В этих условиях конкретные проявления «труда на благо» (равно как и конкретные виды блага) неизбежно становились множественными. Отражая их, сознание индивида сталкивалось с проблемой невозможности вобрать в себя их все, а тем более адаптировать к ним сложившуюся традиционным путем моральную установку.
Механизм моральной регуляции общественной жизни вновь оказался в кризисной ситуации. На этот раз она разрешилась, судя по всему, возникновением в «трудовом блоке» моральной установки индивида такого предписания, которое хотя и было категоричным, однако давало большую степень свободы воли и предопределяло тем самым серьезные сдвиги в моральных отношениях общества. Это предписание хорошо прочитывается и в поведении современных молодых людей с нормальным нравственным развитием, когда наступает пора их вступления в трудовую жизнь: ими движет стремление уяснить для себя смысл жизни, свою роль в ней, определить «свое дело». Надо полагать, это стремление и есть ответ на категоричный Внутренний Голос, обязывающий человека к самоопределению, требующий от него «найти свое место в общем строю».
Вполне естественно, что это предписание обозначилось в сознании индивида в пору интенсивного развития промышленного производства, когда стало нормой постоянное возникновение новых профессий. Историки связывают данный процесс с формированием капиталистических отношений. Во всяком случае, ни при рабовладельческом строе, ни в эпоху раннего феодализма модели поведения, которые направлялись бы таким императивом, не были массовыми: сословные отношения сами по себе определяли место человека в общественном производстве.
Если допустить возникновение этого императива в данный период, то открывается возможность по-новому взглянуть на два зафиксированных в истории обстоятельства. Первое из них заключается в том, что как раз тогда возникла достаточно разветвленная сеть специальных учебных заведений, обязанных решать задачи не только образовательного, но и воспитательного характера. Второе обстоятельство состоит в том, что одновременно с этим в городах Западной Европы появились многочисленные уставы, регламентировавшие жизнь и деятельность работников ремесленных цехов и мастерских. В совокупности эти факты показывают, что значительная часть видов деятельности в рассматриваемый период уже достигла той степени развития, при которой можно говорить о вполне сложившемся способе деятельности и довольно высокой степени ее самопознания.

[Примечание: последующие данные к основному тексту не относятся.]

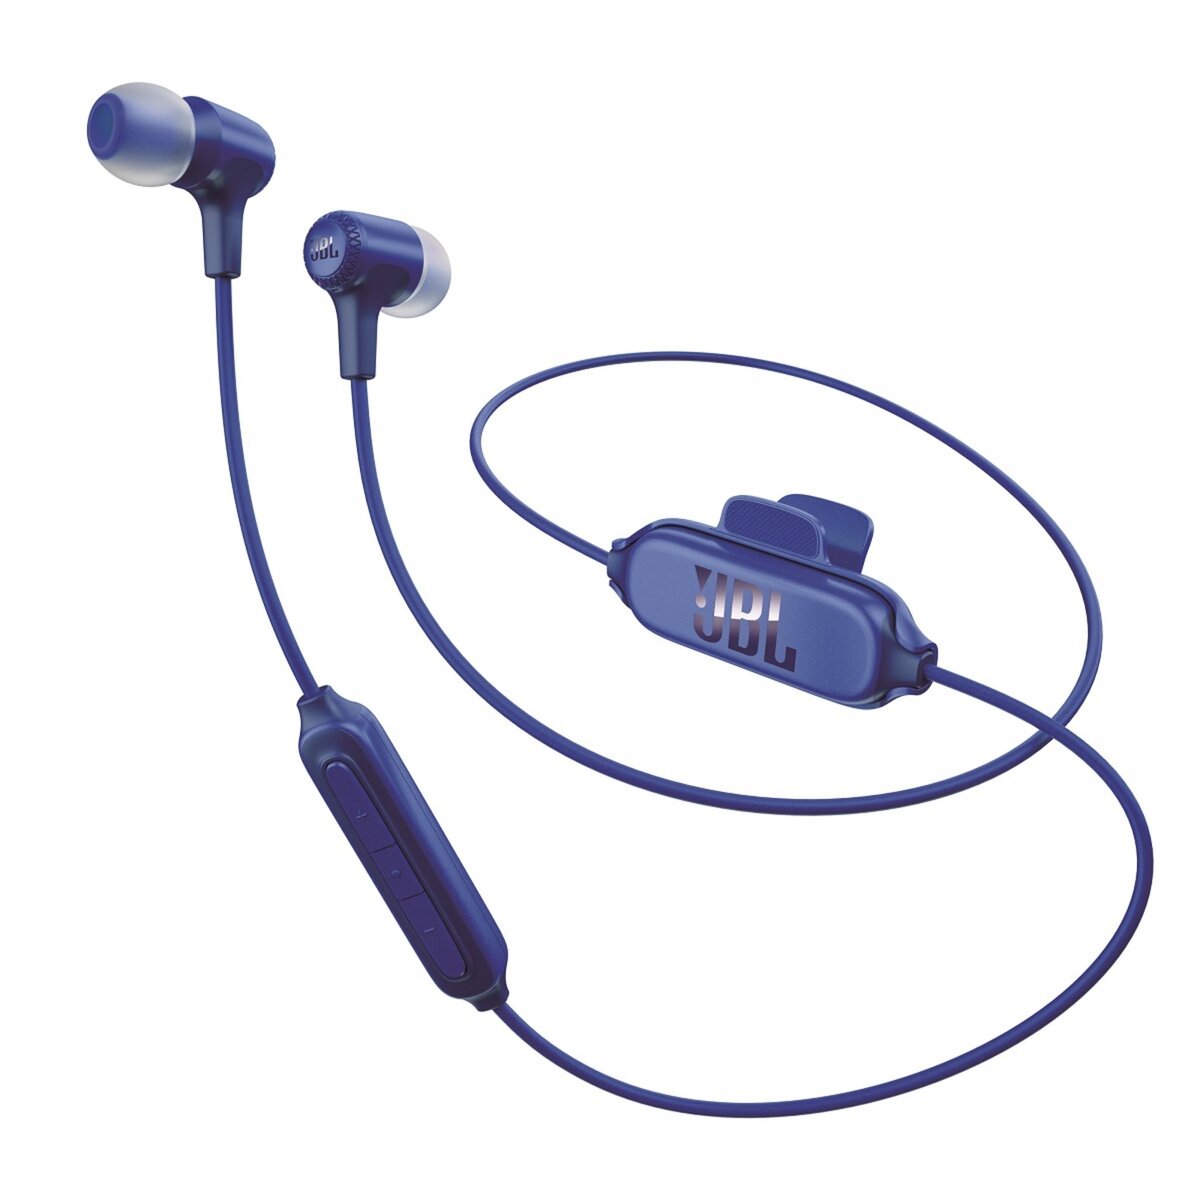 JBL Ecouteurs intra-auriculaires sans fil - Bleu - E25BT

Понятие «способ деятельности», впервые введенное в научный оборот философом Э.С. Маркаряном34, представляется нам первостепенно важным для осознания того, что происходит в развитии морали как регулятивной структуры общества в рассматриваемый период. Оно не тождественно понятию «метод деятельности», хотя в обиходе часто принимается за его синоним. Суть в том, что понятием «способ деятельности» обозначается совокупность всех процессуально-инструментальных особенностей конкретного вида деятельности, задаваемых спецификой производимого ею продукта. Сегодня эти особенности можно выстроить в четыре ряда:
• комплексы задач, последовательно решаемых в ходе акта деятельности и операциональной35 структуры; определяющих специфику его
• набор методов, необходимых для решения данных задач;
• технический инструментарий, используемый при этом;
• стандарты профессионального поведения, рекомендуемые для достижения успешного результата деятельности.
Таким образом, способ того или иного вида деятельности воплощает в себе ее специфику. А поскольку формируется способ деятельности вместе с самой деятельностью, через осмысление удач и промахов, как селекция (отбор) условий, при которых достигается успех, то он оказывается и «копилкой» ее позитивного опыта. А это означает, что он может быть освоен, поддается изучению36.

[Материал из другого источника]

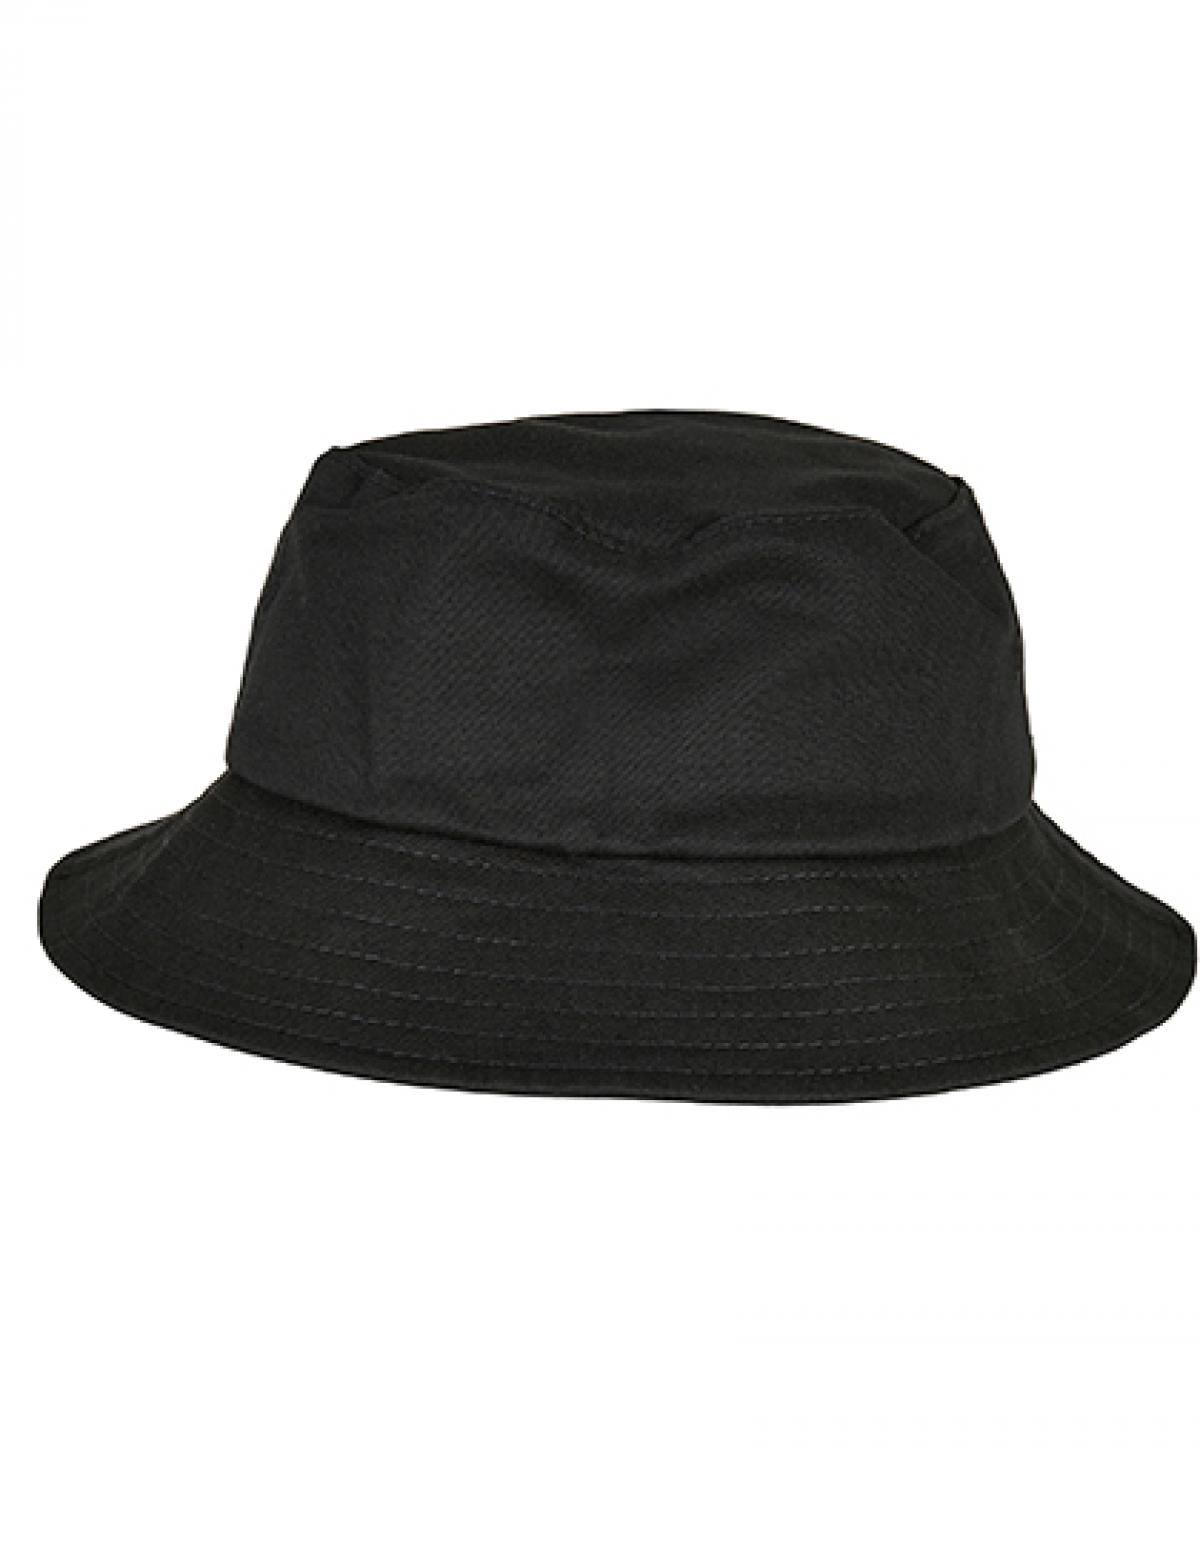 Kids´ Flexfit Cotton Twill Bucket Hat knautschbare Form | FLEXFIT | eBay

Возникновение сети специальных учебных заведений в последний период эпохи средневековья и есть знак того, что общество достигло уровня развития, при котором появилась необходимость в профессиональной подготовке граждан для освоения ими определенного способа деятельности.
С этой точки зрения появление цеховых уставов следует рассматривать как шаг, предпринятый и для выдвижения определенных требований к членам цеховой общины, и для ознакомления граждан со стандартами поведения, под знаком которых формируется данная профессиональная группа. Такие требования-стандарты складываются в процессе становления того или иного рода деятельности, как и другие составляющие способа деятельности. Но вот какова их природа?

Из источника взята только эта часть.